## Description of the task
Repeat exactly the lines below from the line that contains "12211-30 Faucets Single" to the last line, inclusive, without the pictures.

## Given data
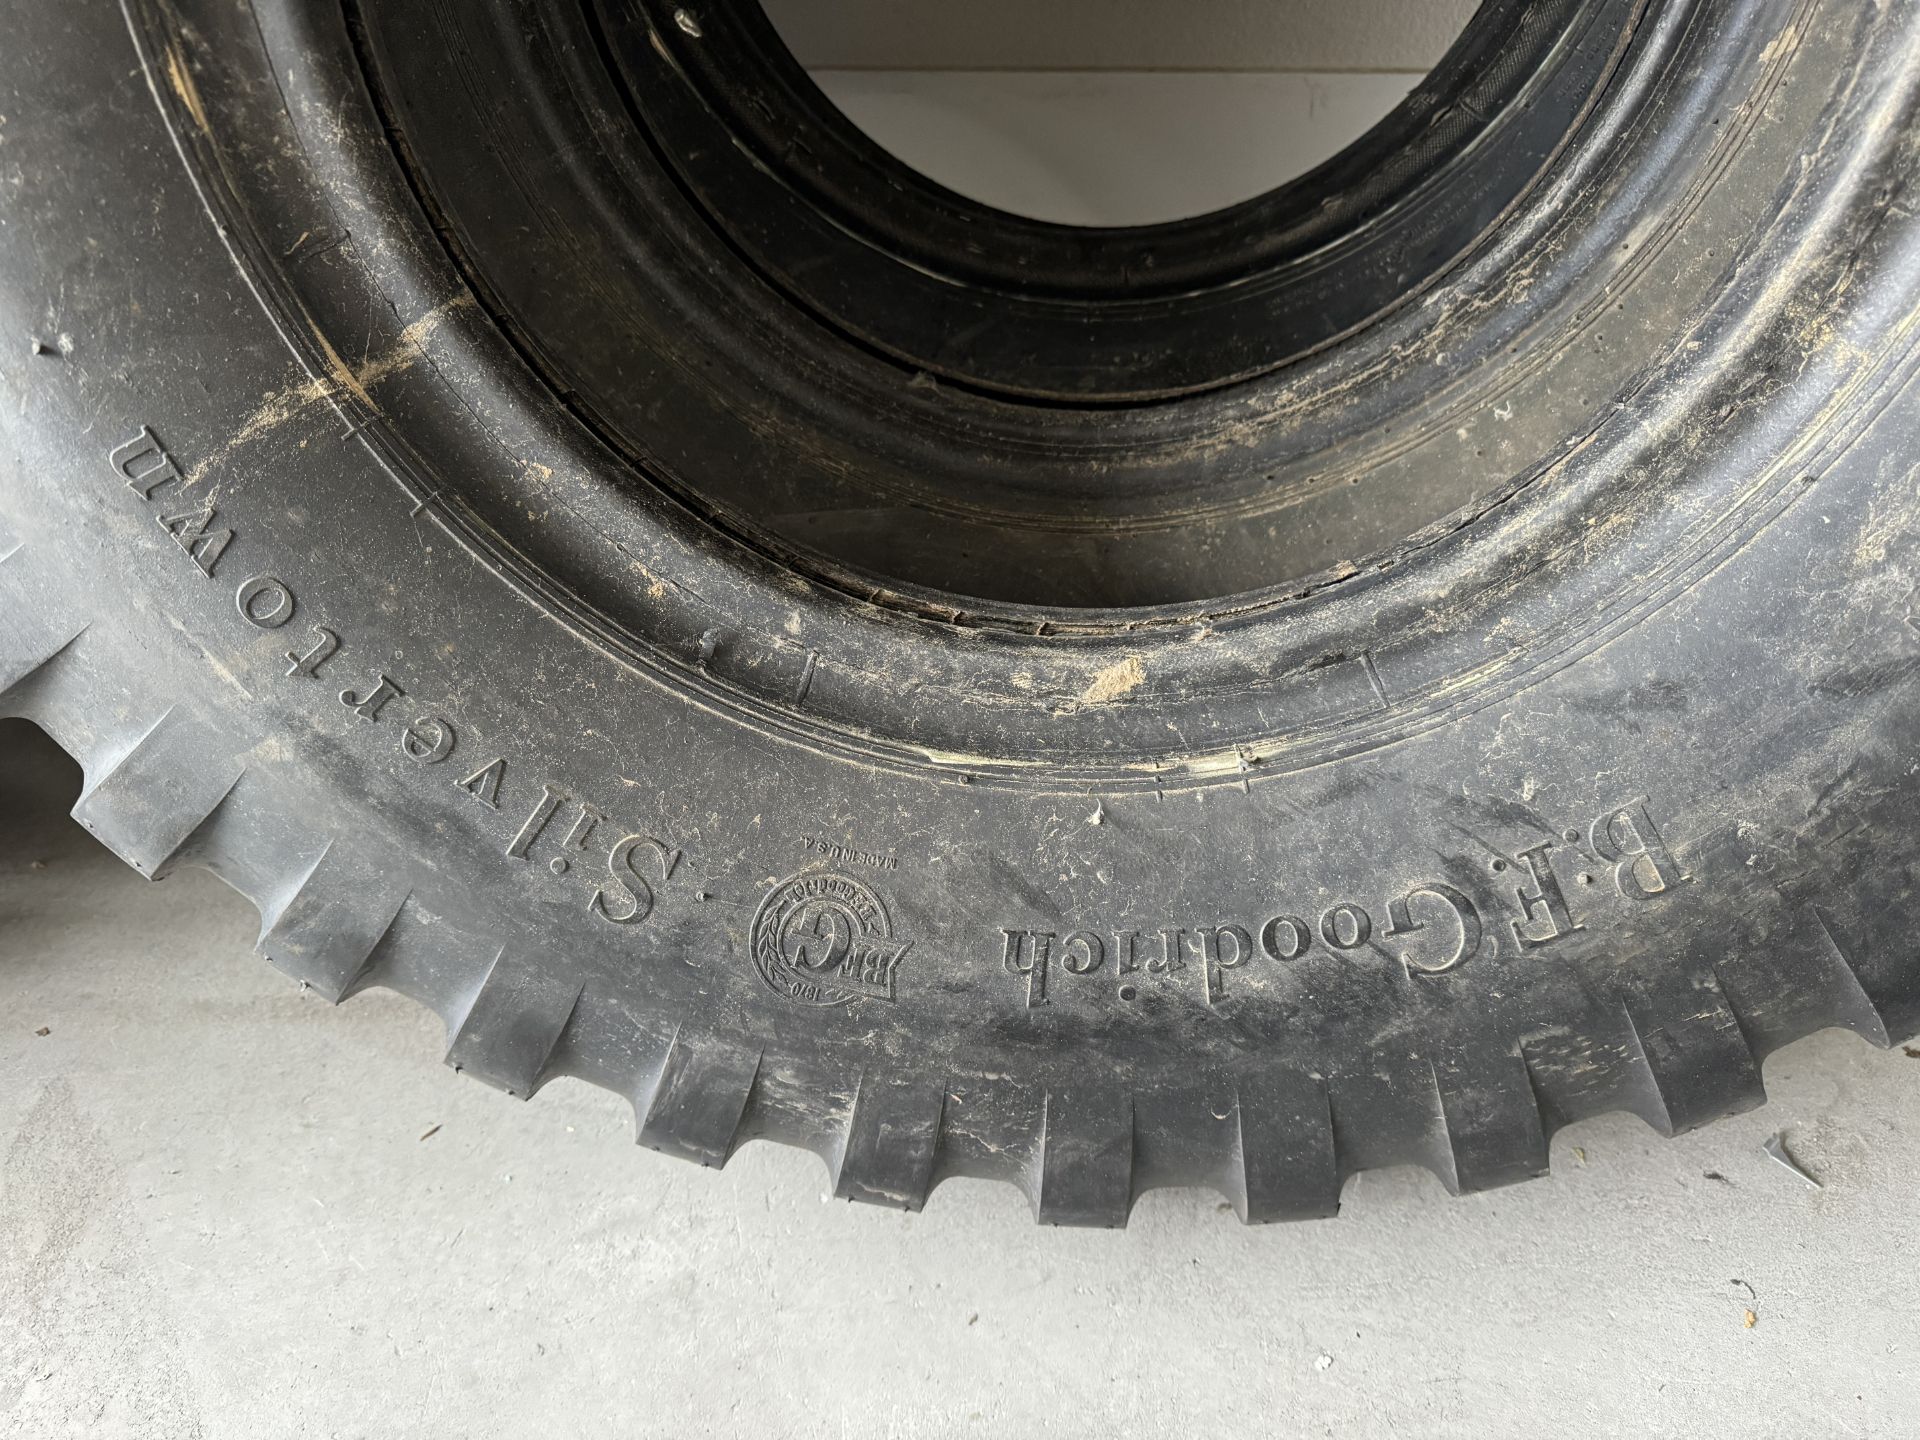 PNEUMATIC MILITARY TIRES - Image 2 of 6
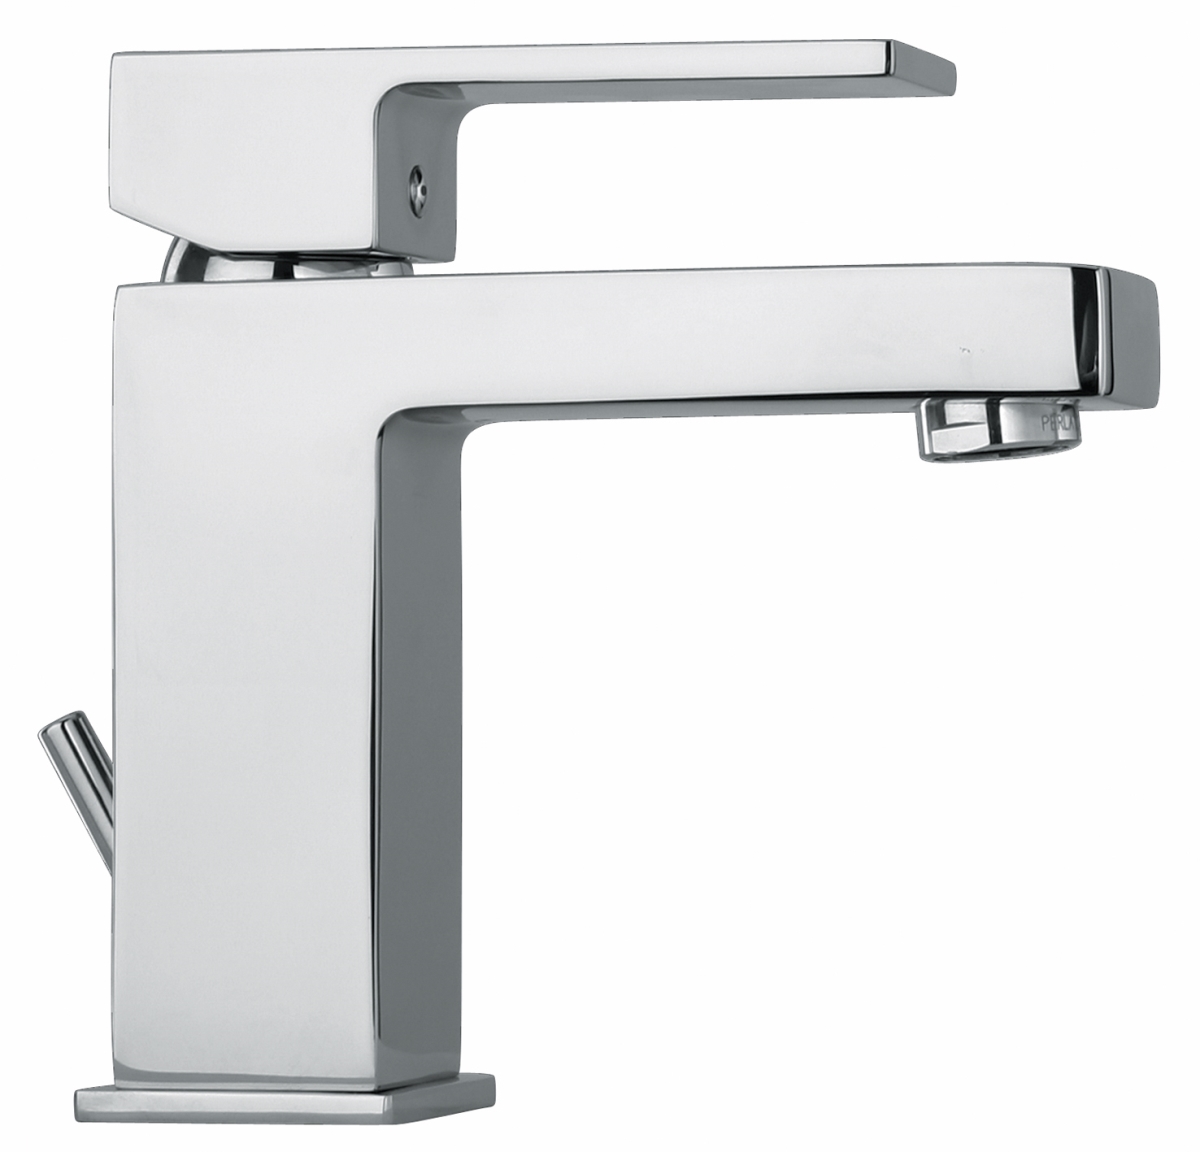 12211-30 Faucets Single Lever Handle Lavatory Faucet With Linear Matched Spout, Matte Gray Finish Model
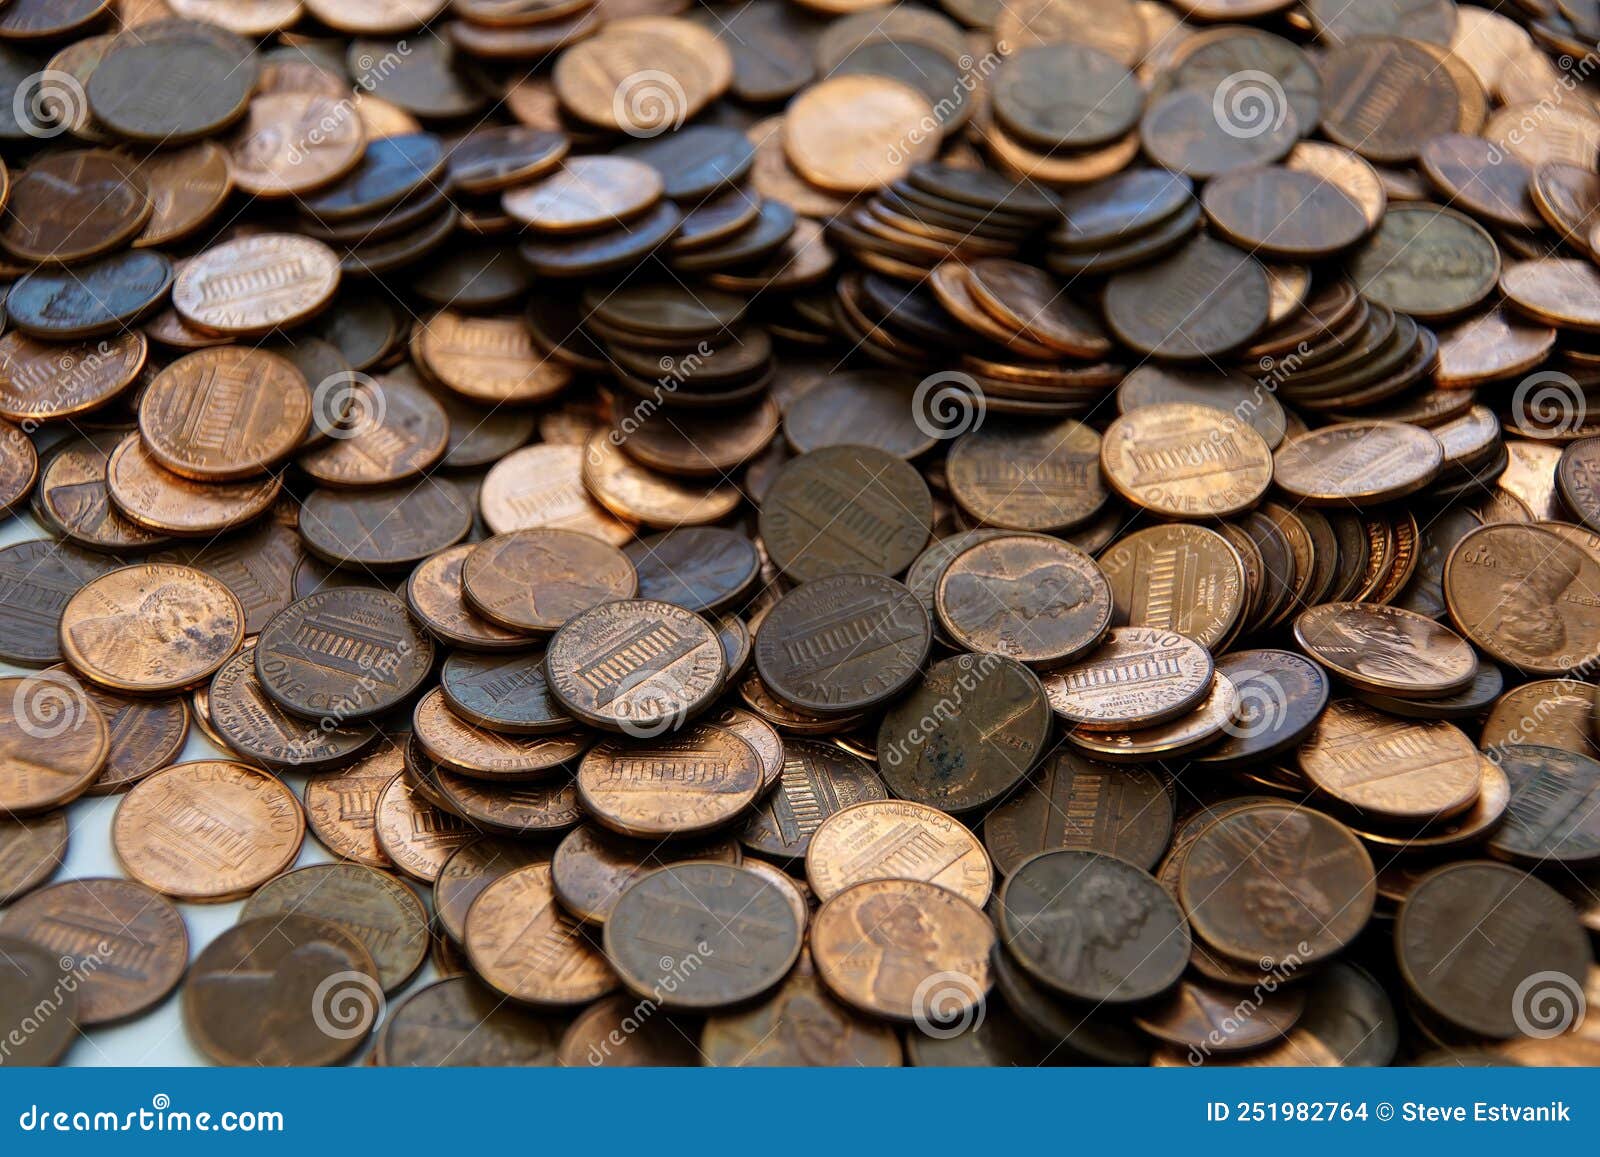 hoard of united states penny coin

## Response area
 12211-30 Faucets Single Lever Handle Lavatory Faucet With Linear Matched Spout, Matte Gray Finish Model
 hoard of united states penny coin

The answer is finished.